# Looking for Sven *not stolen*



## Horse_hunting (1 July 2012)

We are trying to track down a 16.2 chestnut called Sven. His an Irish sports horse, passported name Cozak of Newhaggart. His been sold on and we just would like to know his safe. His not the easiest of horses but has a very playful temperament.

His crop high with two white socks on the left side. He has some scaring on his front legs from brushing boot rubbing and an SV freeze mark on is left shoulder. 

Any information would be greatly appreciated. Good or bad  

Last known home Brentwood Essex 

Thank you in advance for anyone that can help


----------



## tonitot (3 July 2012)

Does he have any white on his face? I know of a chestnut called Sven but dont know much about him! Can you post a pic?


----------



## Horse_hunting (4 July 2012)

I cannot post a picture from the iPad but will do it from work tomorrow. He has a white blaze. Do u know of his where abouts. Desperate to track him down and know his safe


----------



## tonitot (7 July 2012)

I dont actually know the horse personally but a friend has a picture of a chestnut horse called Sven on her facebook. The yard its at is in Kent so not far from Essex.


----------



## Horse_hunting (7 July 2012)

Do you know the name of the yard or if it's recent? As he was previously in kent before being sold to essex in 2010. Any information would be greatly appreciated


----------



## tonitot (7 July 2012)

It's a yard called Knights Place Farm, I'll try and nick the picture off my friends facebook to see if its him


----------



## tonitot (7 July 2012)

Is this him?


----------



## ForeverBroke_ (7 July 2012)

I think I know that Sven too! Lol! Did he come from my old yard TT? x


----------



## tonitot (7 July 2012)

No idea! I just knew I'd seen a chestnut Sven somewhere!


----------



## Capriole (7 July 2012)

tonitot said:



			No idea!
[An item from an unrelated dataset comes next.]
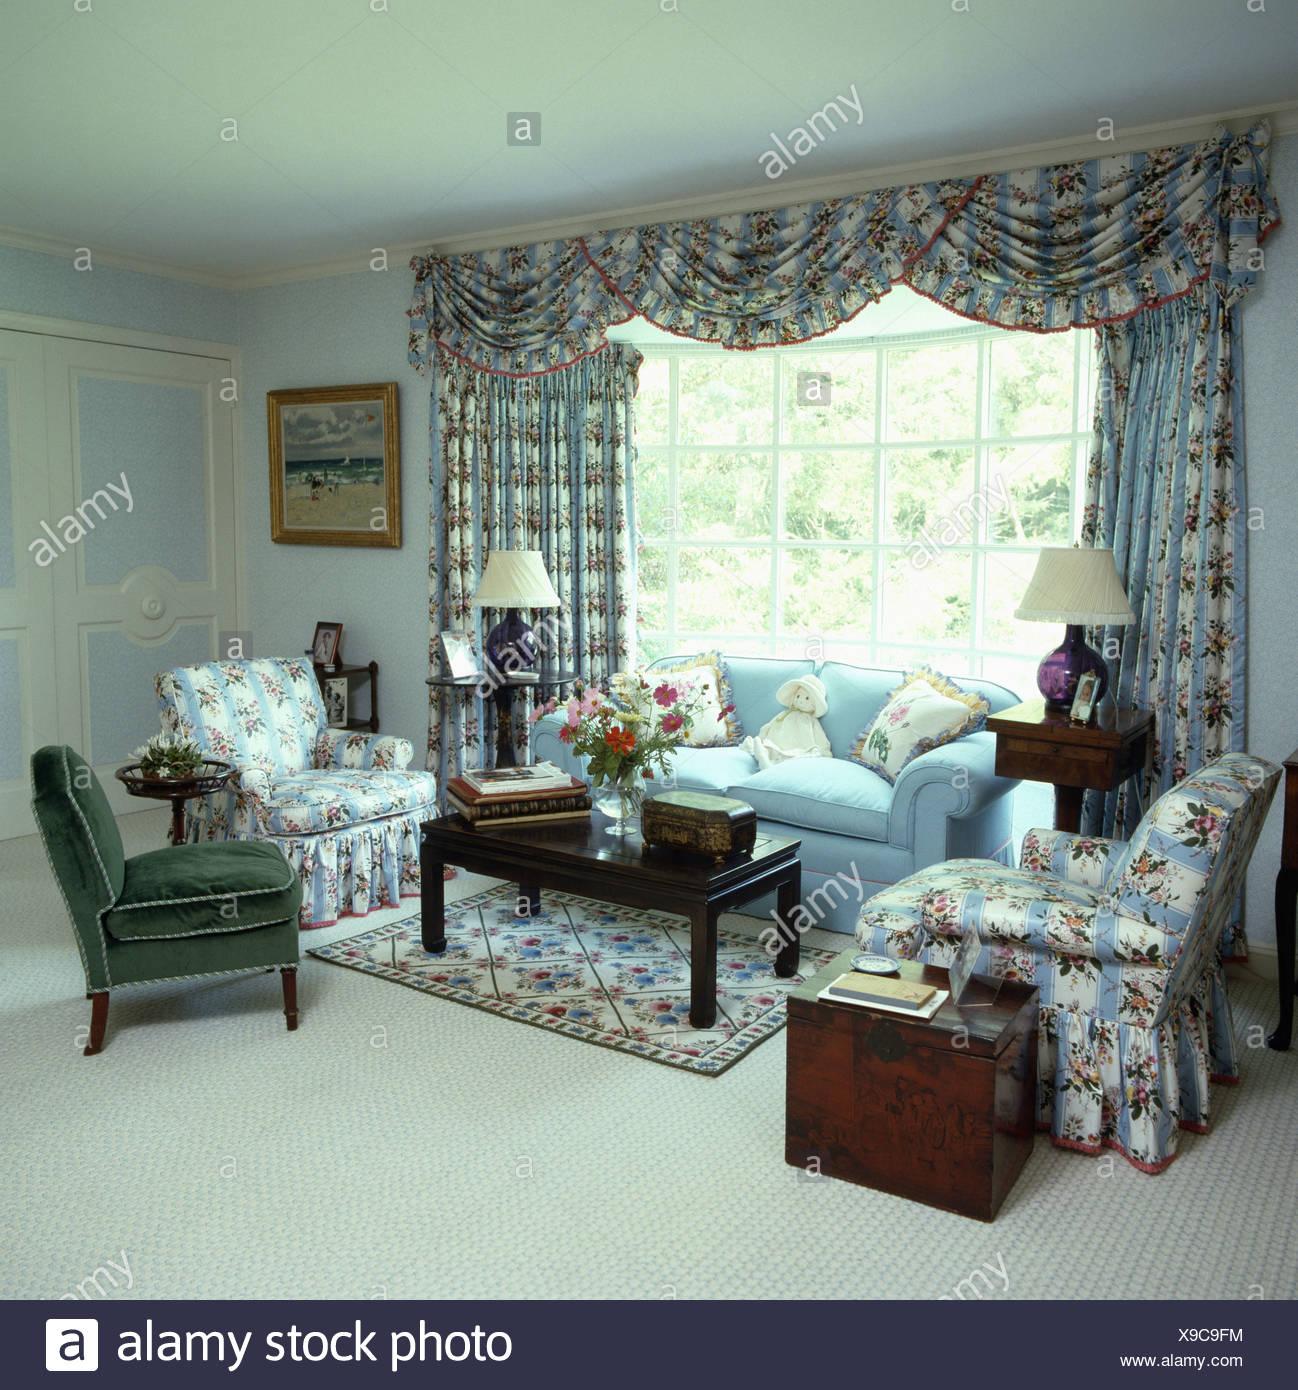 Blau, Rosa Und Weiß Floral Gemusterten Vorhängen Und Sesseln In Blassen  Blauen Wohnzimmer Mit Weißen Teppich Und Antike Truhe

I just knew I'd seen a chestnut Sven somewhere!
		
Click to expand...

Might be this you are thinking of 

http://www.horseandhound.co.uk/forums/showthread.php?t=408405&highlight=sven


----------



## tonitot (7 July 2012)

It wasn't on here that I saw the horse, just remembered it from facebook as remember thinking what a strange name Sven was? Though that horse matches the description that OP has given!


----------



## Perfect-Piaffe (9 July 2012)

I think that's the Sven I know too, he was a cranboune farm when I was there about 3 years ago! X


----------



## alliersv1 (9 July 2012)

I have pm'd you


----------



## Horse_hunting (10 July 2012)

Thank you so much for your kind replies, I means so much to us to know his safe. 

We now know he was at 'the water tower' stables just outside of Brentwood an possibly sold to someone called Mandy who worked there. If anyone has any contact details for there then please do get in touch as we dont seem to be able to find anything 

Thanks 
David


----------